About the maturity of Apache Derby

Engineering Insights & Enterprise solutions

For those of you that didn’t hear about it yet, Apache Derby is a Java relational database engine that can both run as a network server or embedded in a Java application. You might have encountered Derby under its previous name, Cloudscape DB, shipped with the recent J2EE reference implementations. Sun also plans to include this product in JDK 6 but is branded as Java DB.

I recently did some work on porting a tool to use the Apache Derby database engine, besides the existing MySQL 4.1 support. The database behind the application was of medium size: around 50 tables and reasonably complex queries. I used at that time the most recent 10.1.3.1 version and also used development versions of the 10.2.1.3 version.

While overall Derby is a great idea and a good implementation, it is important to know that it is still immature. While doing the port I have encountered the following problem categories:

unsupported SQL features,
internal server errors,
fatal server errors,
stored function limitations,
differences between the networked and embedded JDBC drivers.

Unsupported SQL features range from simpler to annoying ones. Alias visibility is a great issue here, so for instance the following SQL query is not valid in Derby:

SELECT SUM(table1.field1) AS my_sum1
FROM table1
GROUP BY my_sum1

Select item aliases are not visible in the GROUP BY clause, but _are_ visible in the ORDER BY clause!

Internal server errors range from plain NullPointerExceptions (in the case of the COALESCE built-in function) to some protocol errors. Once protocol errors appear, though less frequent, one needs to restart the server (or the application, if you’re running in embedded mode). A frequent source of internal server errors is when one tries to overcome the alias limitation by putting group expressions in the GROUP BY clause (e.g. GROUP BY SUM(table1.field1).
Hopefully, I encountered fatal server errors only in one scenario, and I managed to get over it but unfortunately not in a reproducible manner. This particular server error was caused by a more complex query that produced an internal server error. The server did not recover from it so all subsequent valid queries were raising the same error.

It is important to know that Derby has a limited number of built-in functions, so one needs to frequently resort to custom stored functions. The problem with this is that, besides the lack of proper documentation, this support is quite limited. Stored functions can be defined only in Java. That would be mostly fine if it would work well. But for instance, if you want a stored function that returns an INTEGER value, you must specify the return type of the associated Java method as int. This means that basically, you cannot return NULL integers from your function!

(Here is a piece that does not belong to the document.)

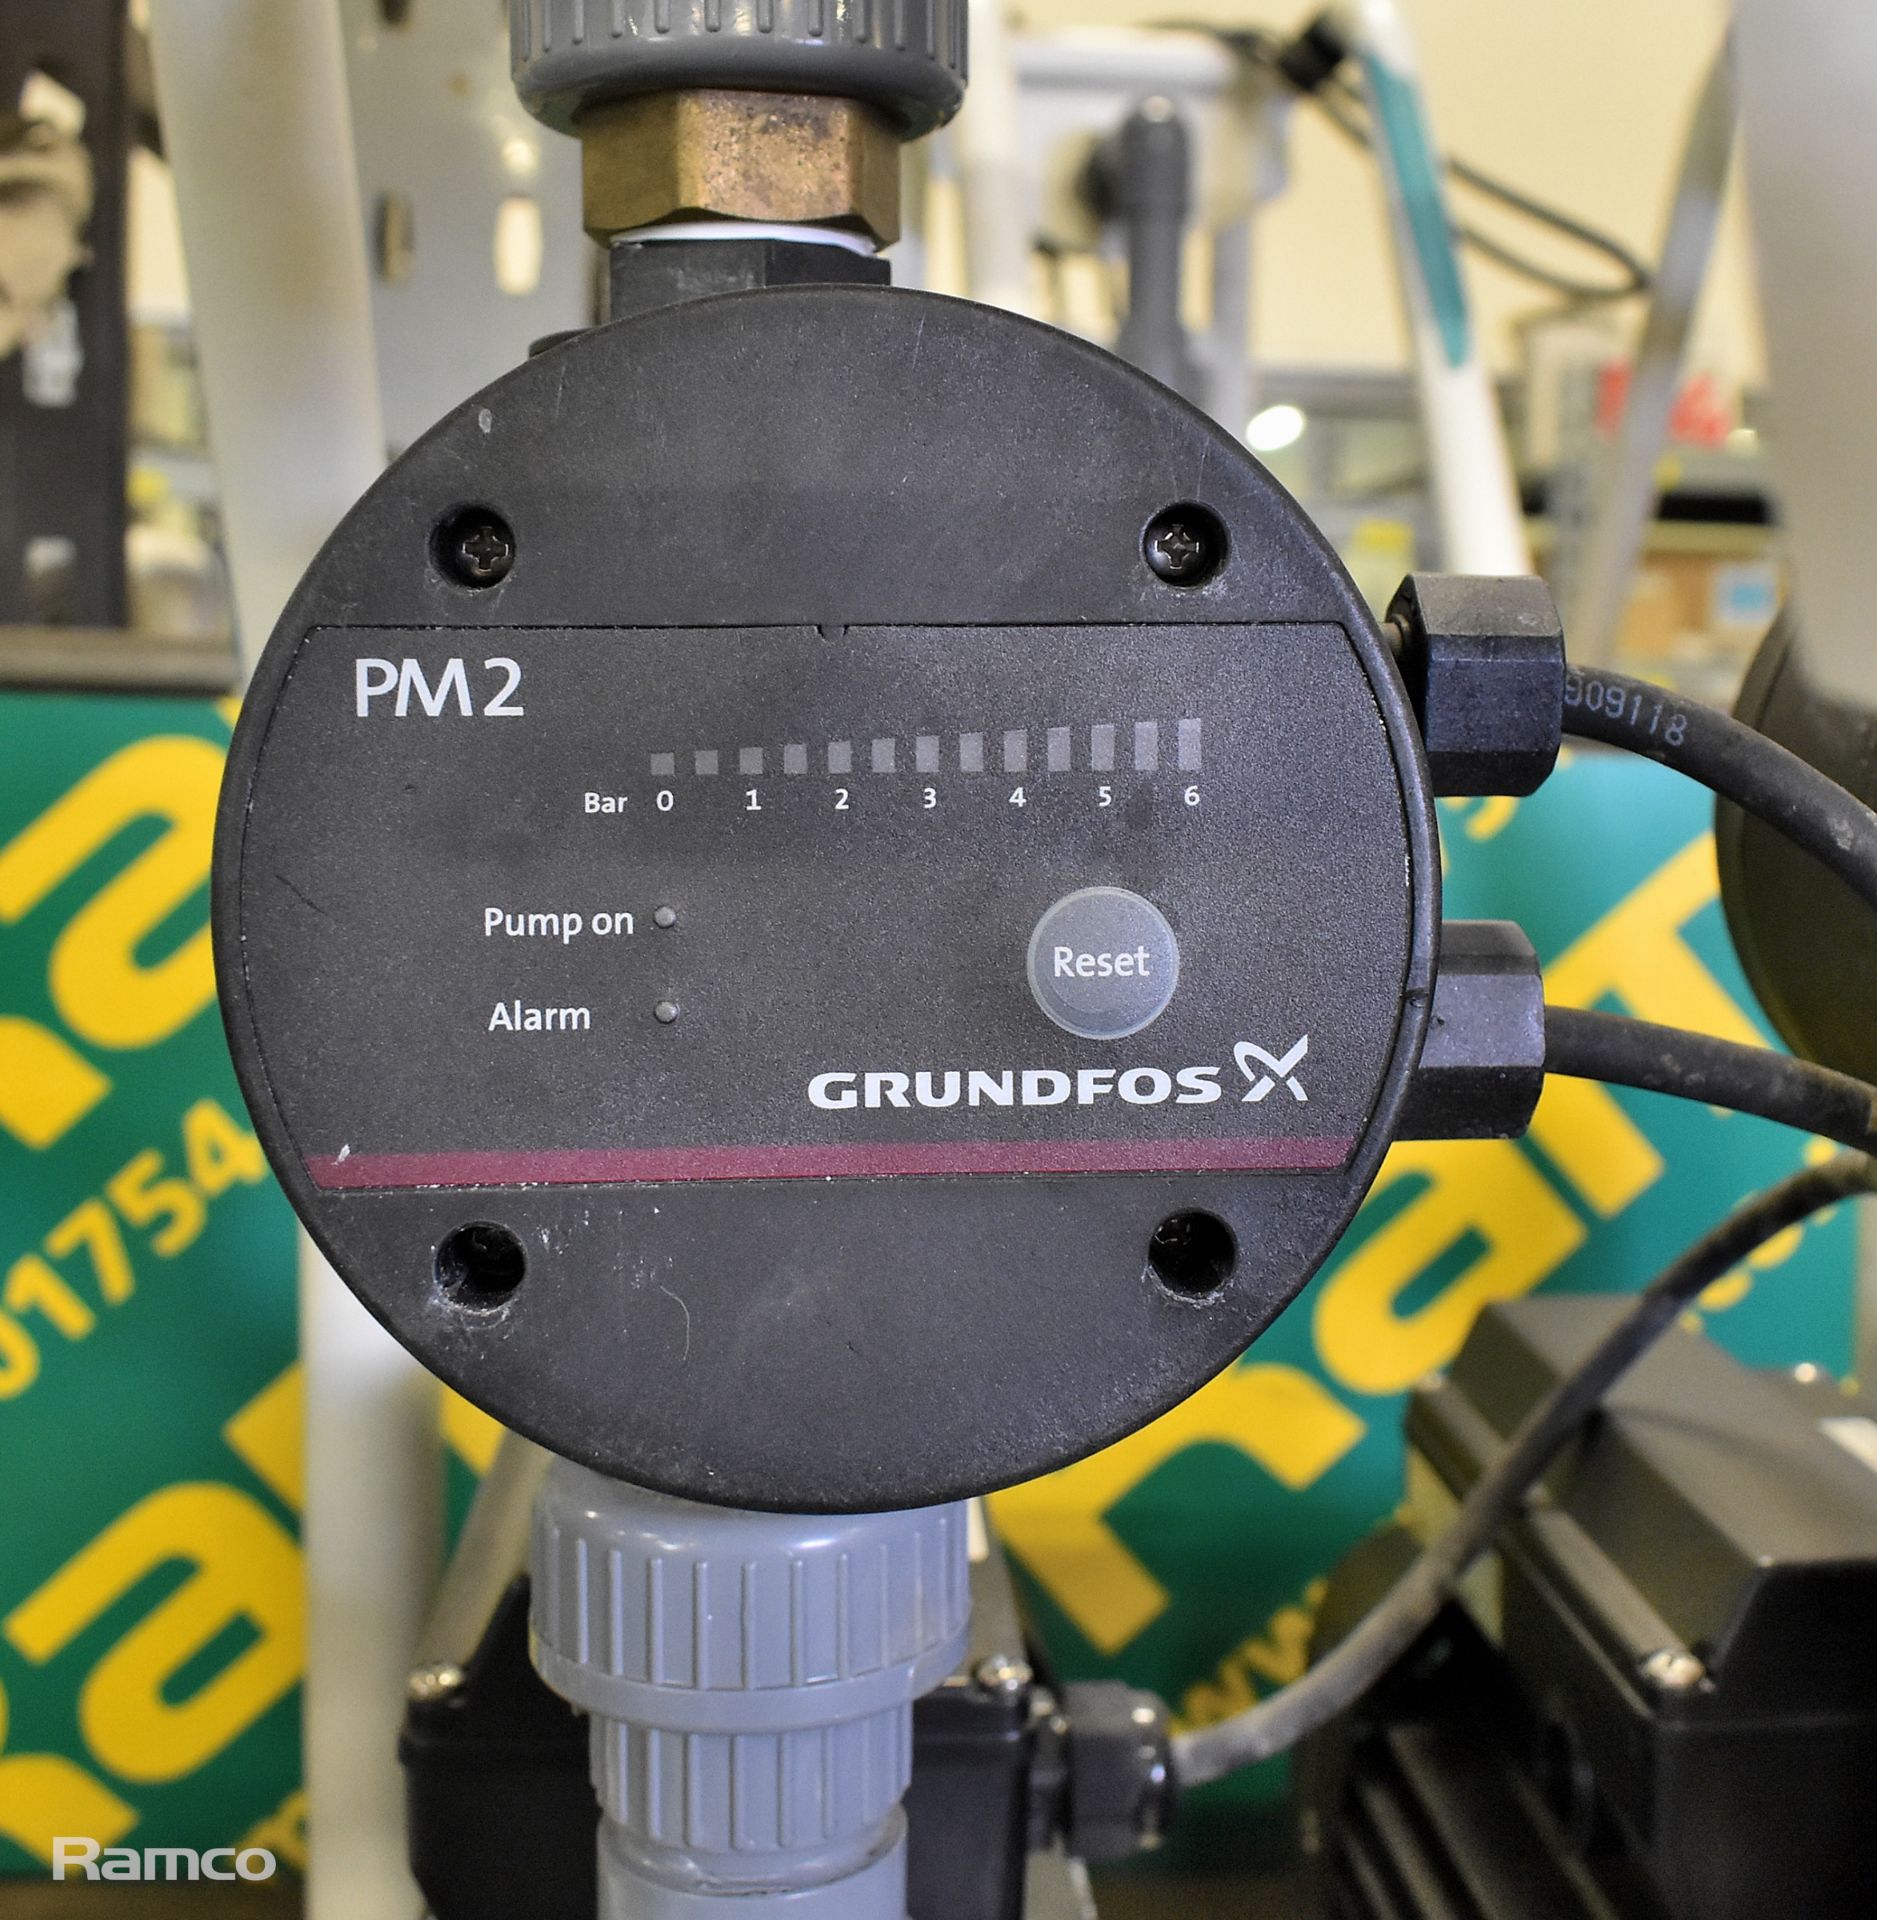 Grundfos JP 5 A-A-CVBP Horizontal Multi-stage Pump with Grundfos X PM 2 AD pressure manager - Image 7 of 9

I have encountered some differences between the networked and embedded JDBC drivers. Actually only one, but which convinced me not to complicate things and to overall avoid the embedded driver. The problem is related to the way NULL values are specified for prepared statement parameters. If the java.sql.PreparedStatement.setNull(int parameterIndex, int sqlType) the method is called with sqlType 0 (done by default by iBATIS) then it will raise an error, but only with the embedded driver.
There are several other limitations that would need a lot more detail. The good news is that for most of these problems there are bug reports and developers are working to fix them, but I think that there’s still a lot to do to stabilize the whole thing. I managed to successfully avoid all the pitfalls and do the port, but the effort was too big in my opinion.
I don’t say that you shouldn’t use Derby for your projects. It’s just that it is important to know its limitations and be sure that you don’t have a better alternative. As a side note, compared with Derby the Hypersonic SQL database engine is very much more unstable and featureless.